4 in 5 Americans Are Ignoring Buffett's Warning

Don't be one of them.

Jun 12, 2015 at 5:01PM

Admitting fear is difficult.

So you can imagine how shocked I was to find out Warren Buffett recently told a select number of investors about the cutting-edge technology that's keeping him awake at night.

This past May, The Motley Fool sent 8 of its best stock analysts to Omaha, Nebraska to attend the Berkshire Hathaway annual shareholder meeting. CEO Warren Buffett and Vice Chairman Charlie Munger fielded questions for nearly 6 hours.
The catch was: Attendees weren't allowed to record any of it. No audio. No video. 

Our team of analysts wrote down every single word Buffett and Munger uttered. Over 16,000 words. But only two words stood out to me as I read the detailed transcript of the event: "Real threat."

That's how Buffett responded when asked about this emerging market that is already expected to be worth more than $2 trillion in the U.S. alone. Google has already put some of its best engineers behind the technology powering this trend. 

The amazing thing is, while Buffett may be nervous, the rest of us can invest in this new industry BEFORE the old money realizes what hit them.

KPMG advises we're "on the cusp of revolutionary change" coming much "sooner than you think."

Even one legendary MIT professor had to recant his position that the technology was "beyond the capability of computer science." (He recently confessed to The Wall Street Journal that he's now a believer and amazed "how quickly this technology caught on.")

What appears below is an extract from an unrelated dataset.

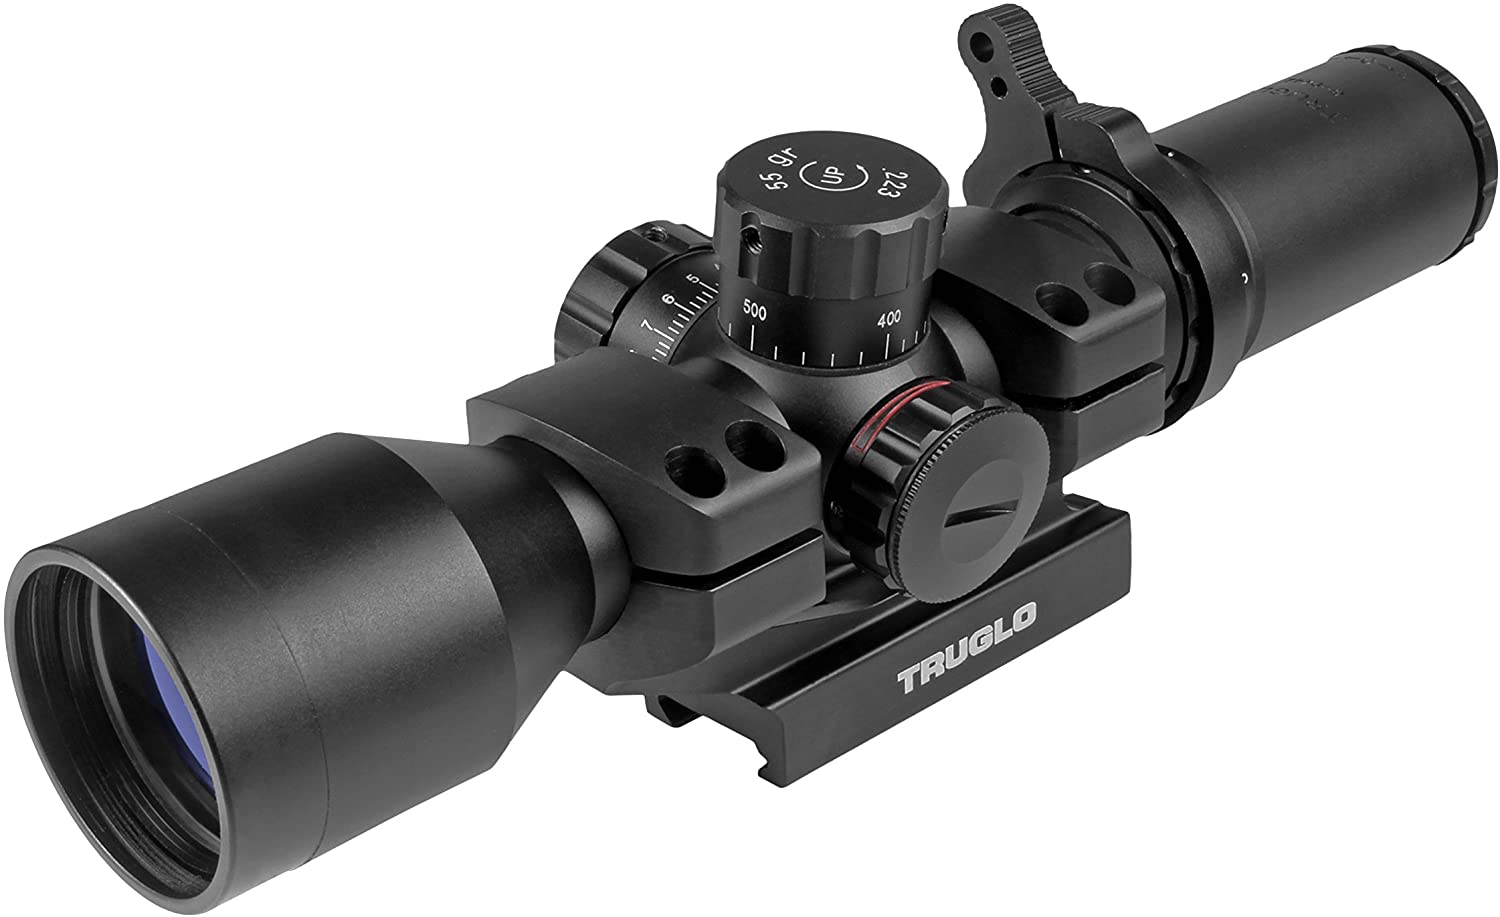 TRUGLO - TRU-BRITE 30 Series Illuminated Tactical Rifle Scope - Includes Scope Mount, 3-9x 42mm, Black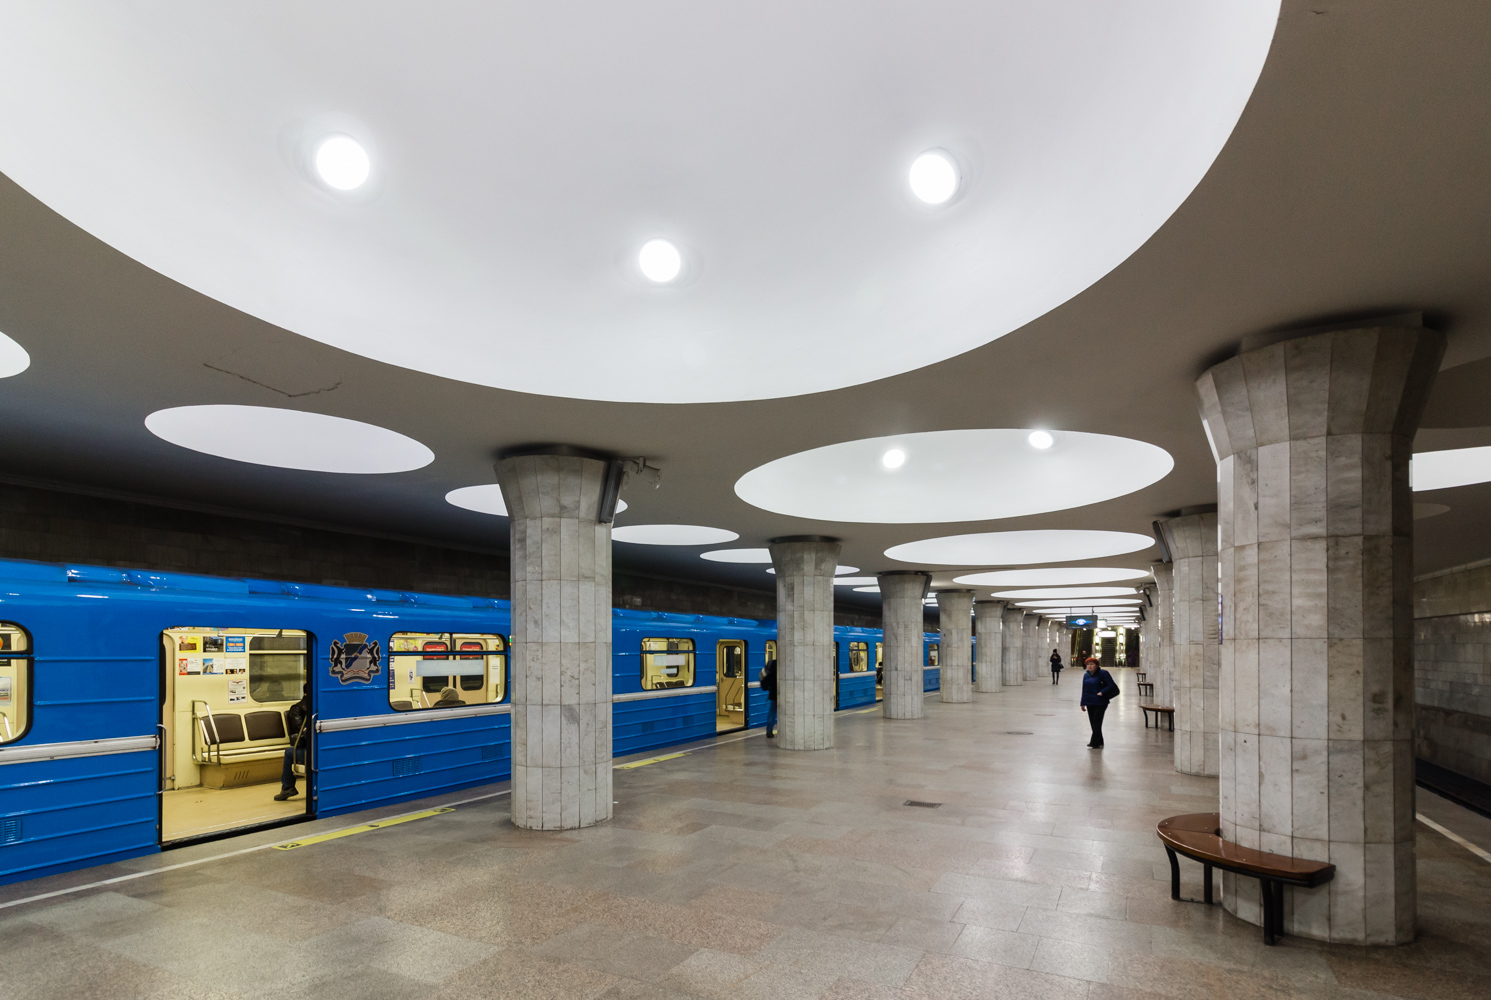 Новосибирск — Дзержинская линия — станция "Площадь Гарина-Михайловского"

Yet according to one J.D. Power and Associates survey, only 1 in 5 Americans are even interested in this technology, much less ready to invest in it. Needless to say, you haven't missed your window of opportunity. 

Think about how many amazing technologies you've watched soar to new heights while you kick yourself thinking, "I knew about that technology before everyone was talking about it, but I just sat on my hands." 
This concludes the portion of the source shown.